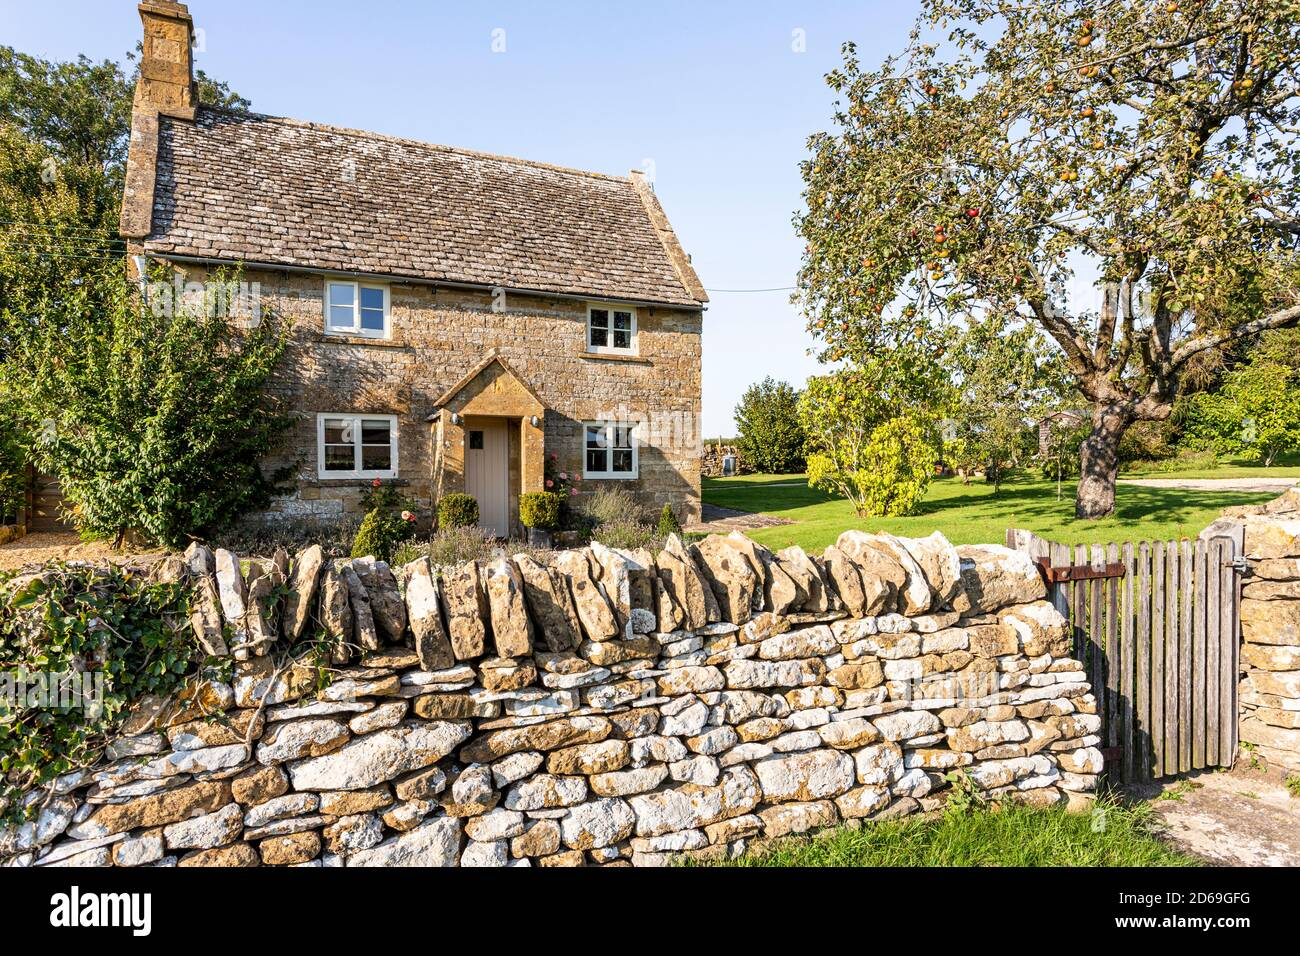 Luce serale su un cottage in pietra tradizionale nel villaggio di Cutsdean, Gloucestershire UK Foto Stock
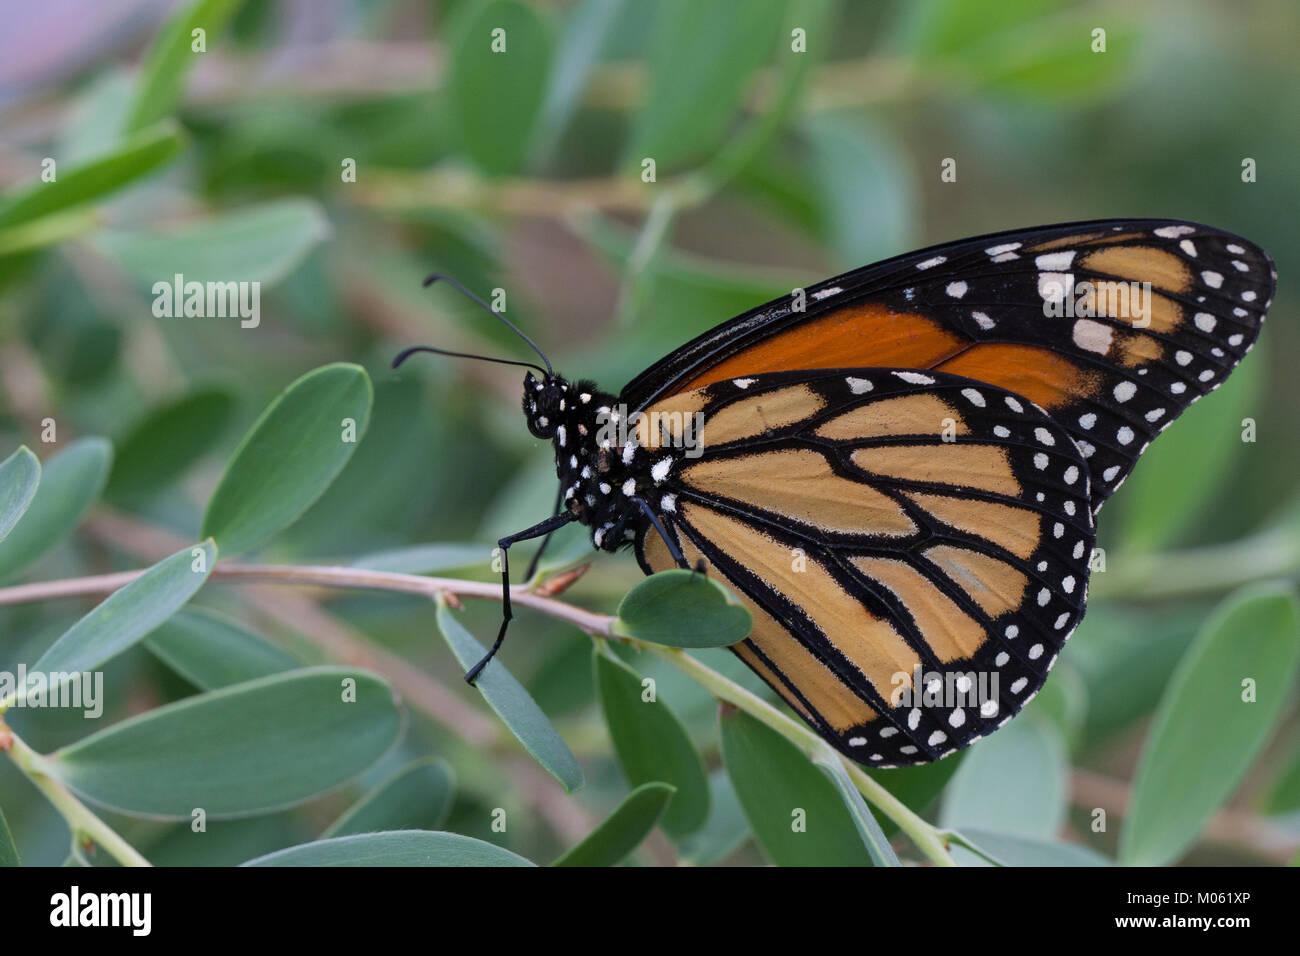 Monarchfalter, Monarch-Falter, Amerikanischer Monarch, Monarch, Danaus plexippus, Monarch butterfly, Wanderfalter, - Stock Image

+ + + + + + +

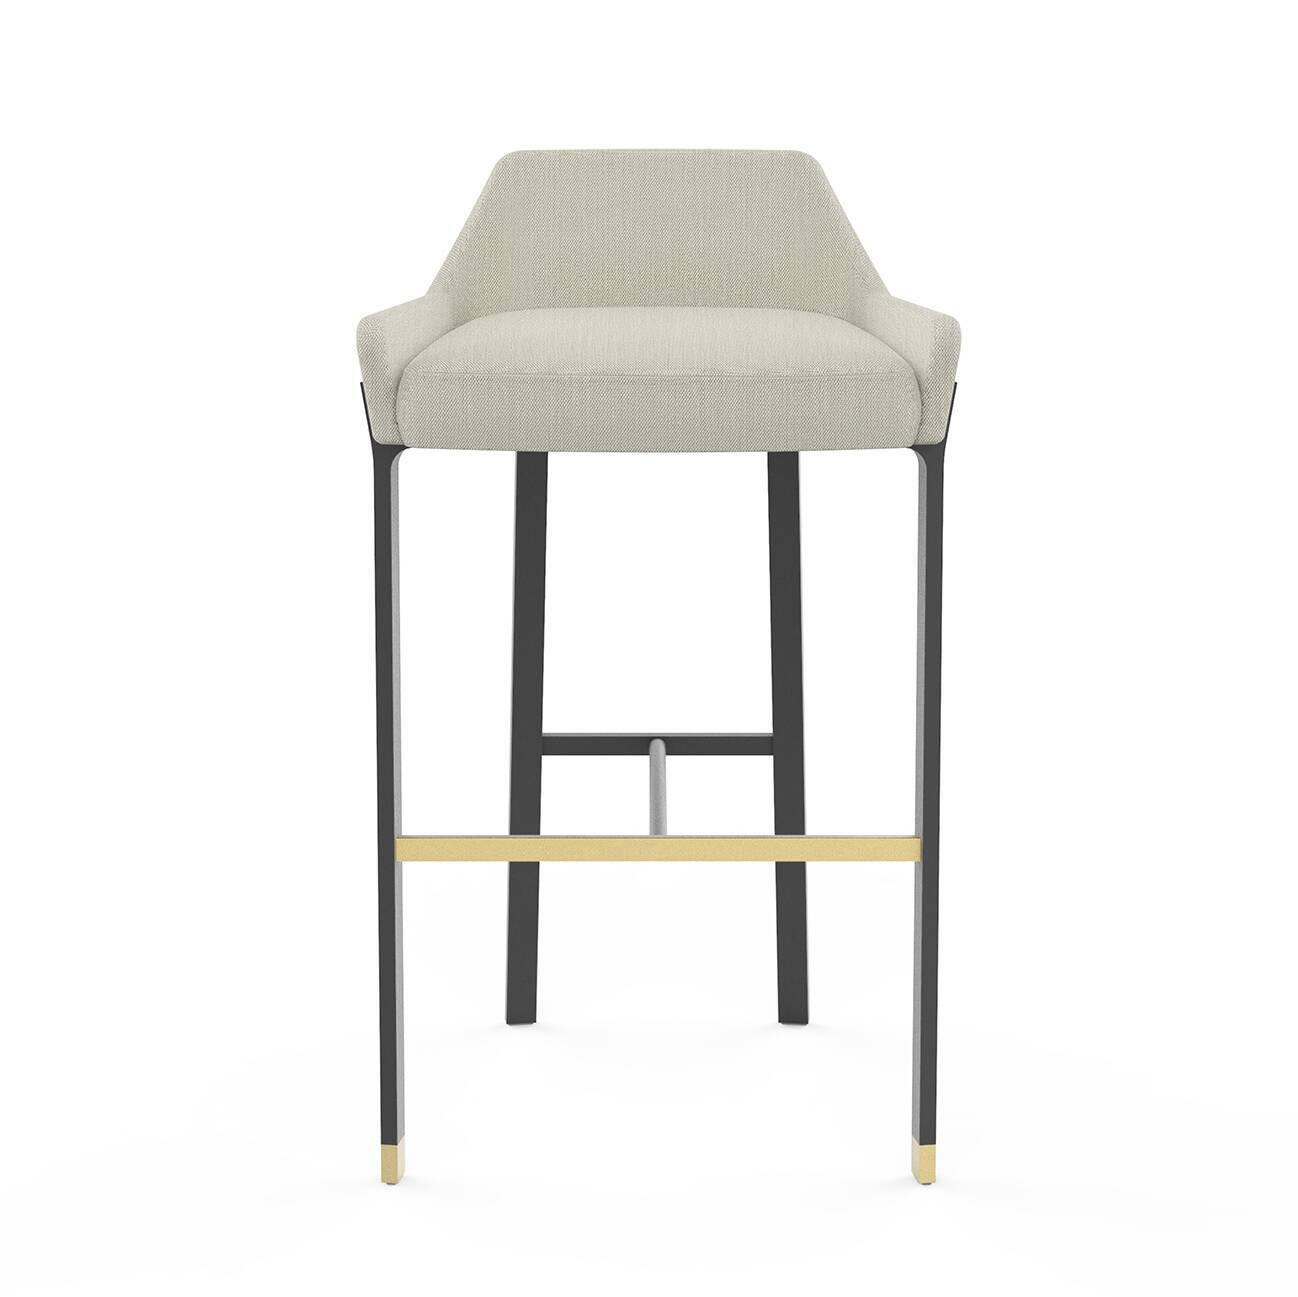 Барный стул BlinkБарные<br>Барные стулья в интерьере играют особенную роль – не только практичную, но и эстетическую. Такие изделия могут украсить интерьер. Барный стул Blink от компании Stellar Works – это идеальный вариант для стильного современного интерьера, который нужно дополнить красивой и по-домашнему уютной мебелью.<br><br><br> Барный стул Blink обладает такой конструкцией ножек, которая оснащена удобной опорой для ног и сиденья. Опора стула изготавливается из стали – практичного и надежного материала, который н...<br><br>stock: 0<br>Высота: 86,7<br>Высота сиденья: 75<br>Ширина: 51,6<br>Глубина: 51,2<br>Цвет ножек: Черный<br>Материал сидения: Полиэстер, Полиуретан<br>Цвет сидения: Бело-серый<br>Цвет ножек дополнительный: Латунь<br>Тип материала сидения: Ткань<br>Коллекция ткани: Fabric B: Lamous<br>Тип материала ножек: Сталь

+ + + + + + +

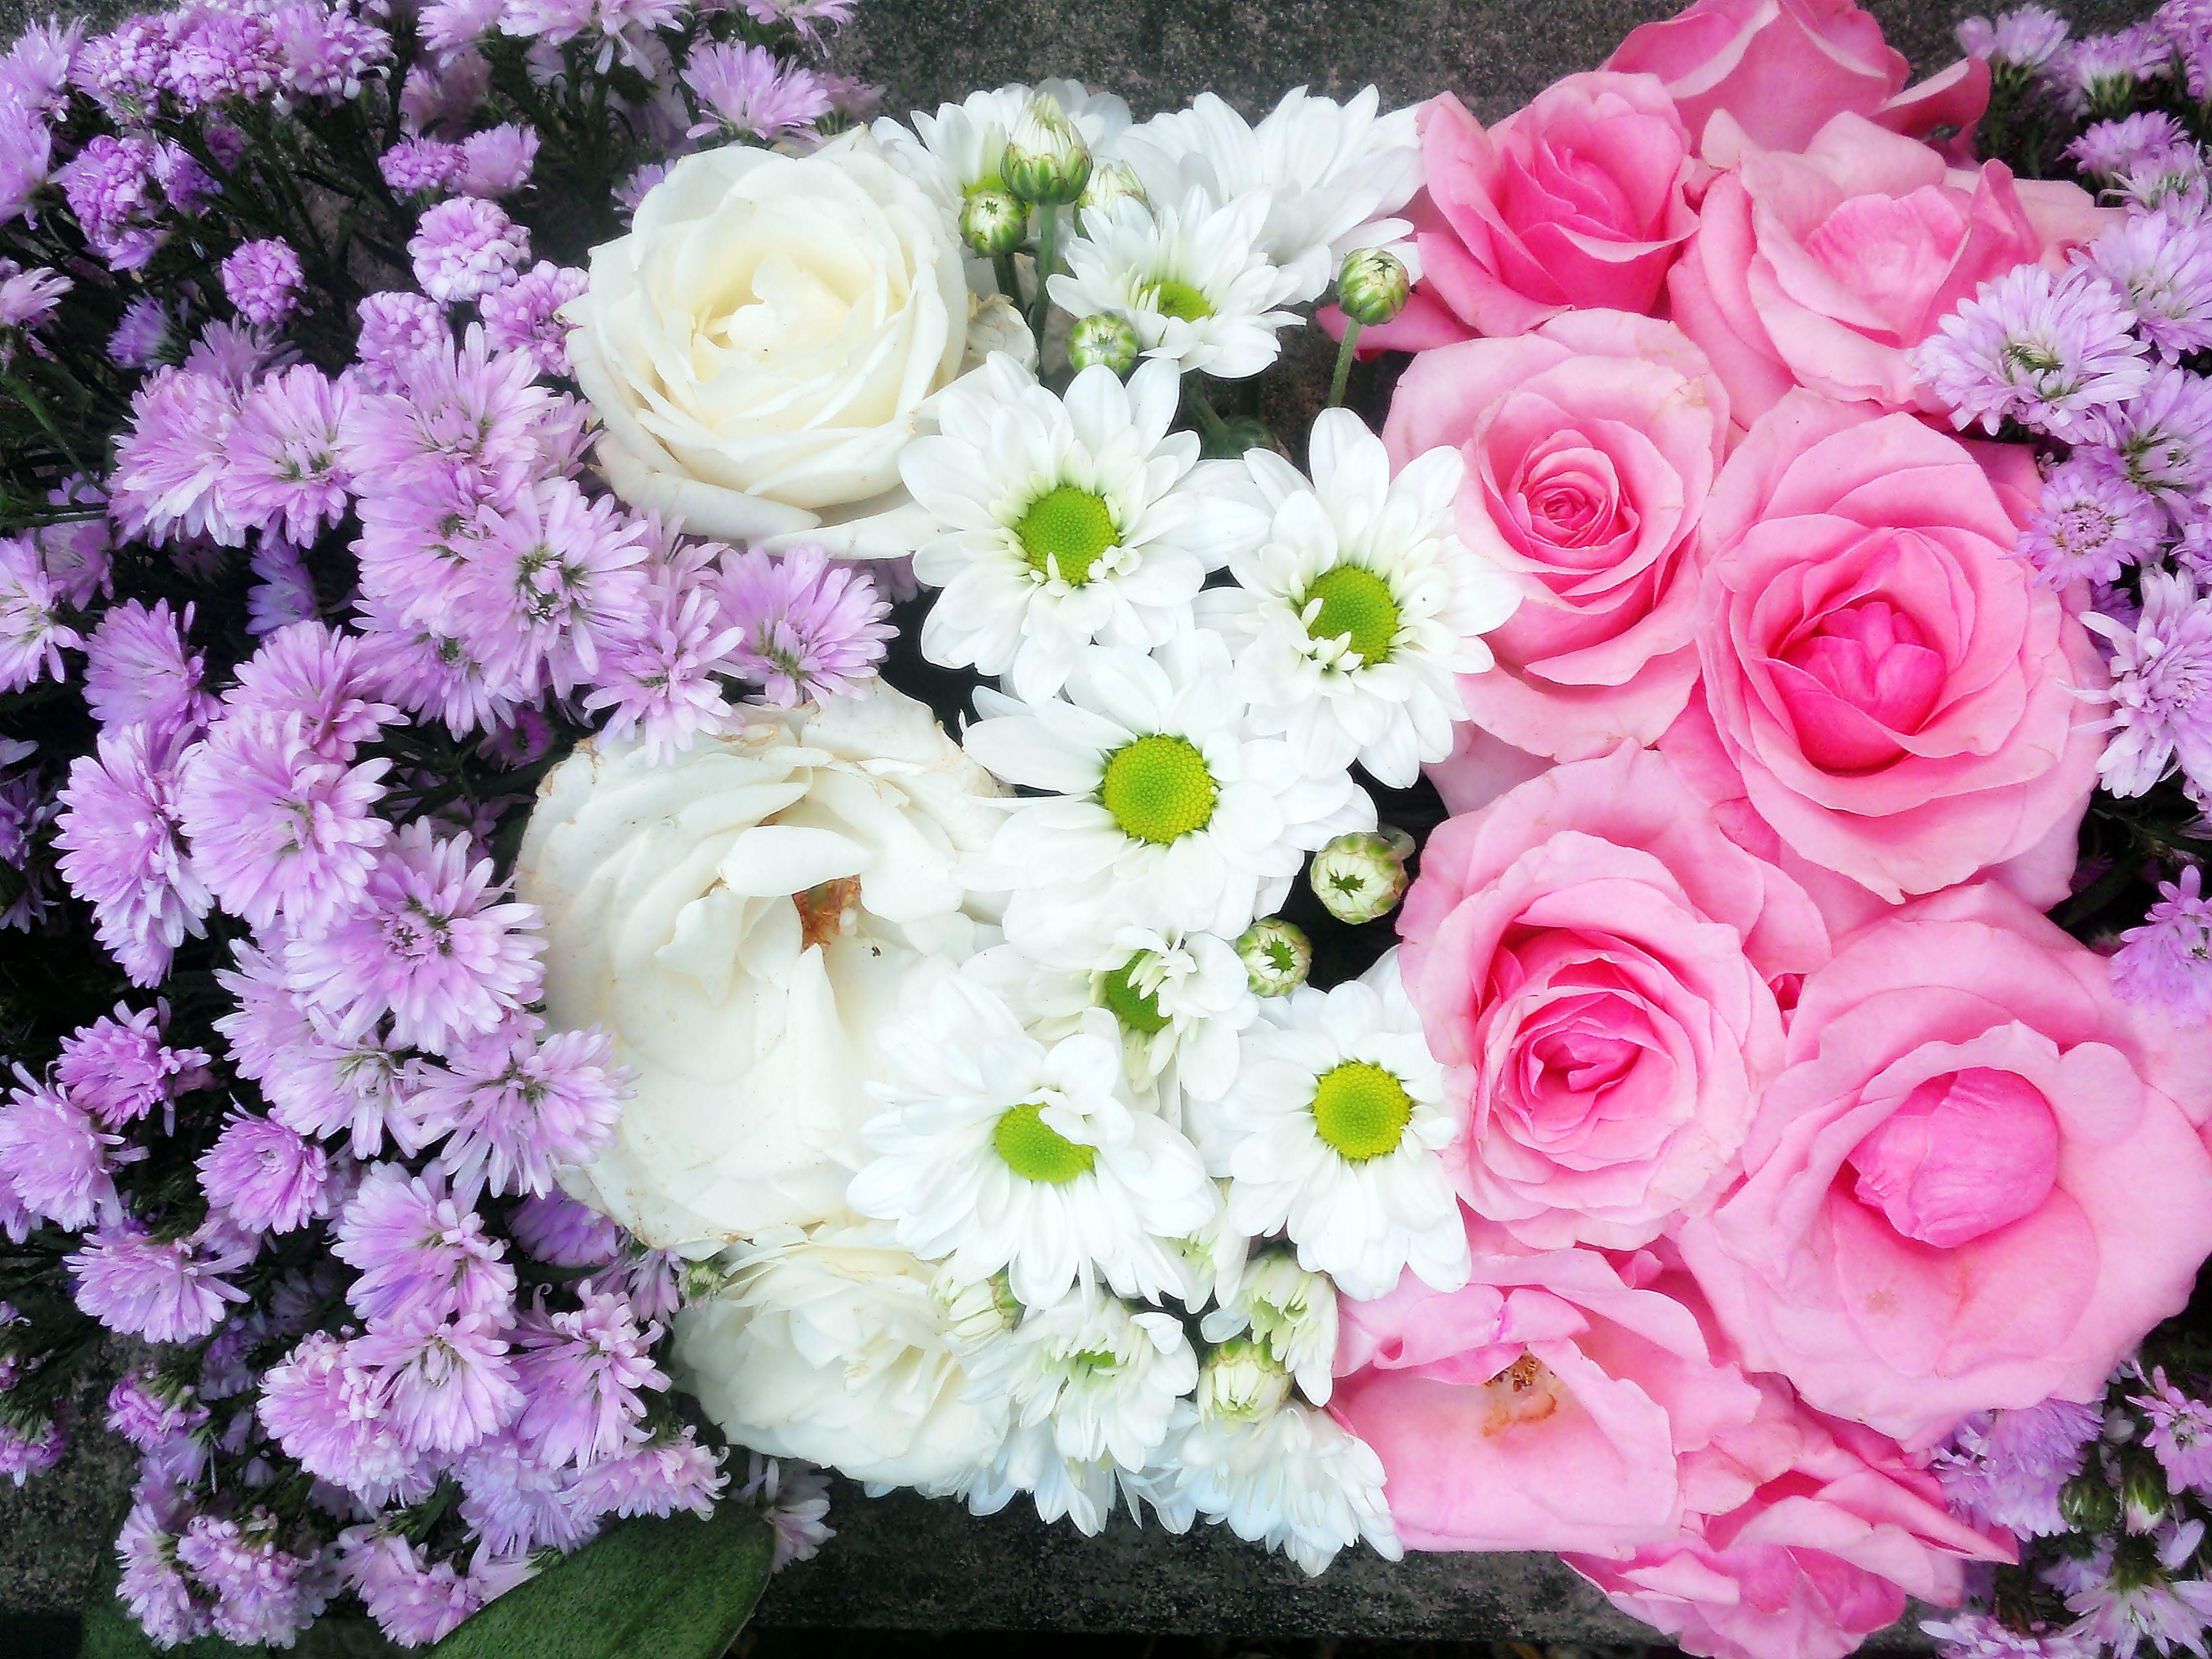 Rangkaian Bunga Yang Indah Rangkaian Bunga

+ + + + + + +

> **TASK BRIEF**: Return only the stretch above from the line containing "Luce serale su" through the line containing "Monarchfalter, Monarch-Falter, Amerikanischer", word for word and without pictures.

> **YOUR RESPONSE**:
 Luce serale su un cottage in pietra tradizionale nel villaggio di Cutsdean, Gloucestershire UK Foto Stock
 Monarchfalter, Monarch-Falter, Amerikanischer Monarch, Monarch, Danaus plexippus, Monarch butterfly, Wanderfalter, - Stock Image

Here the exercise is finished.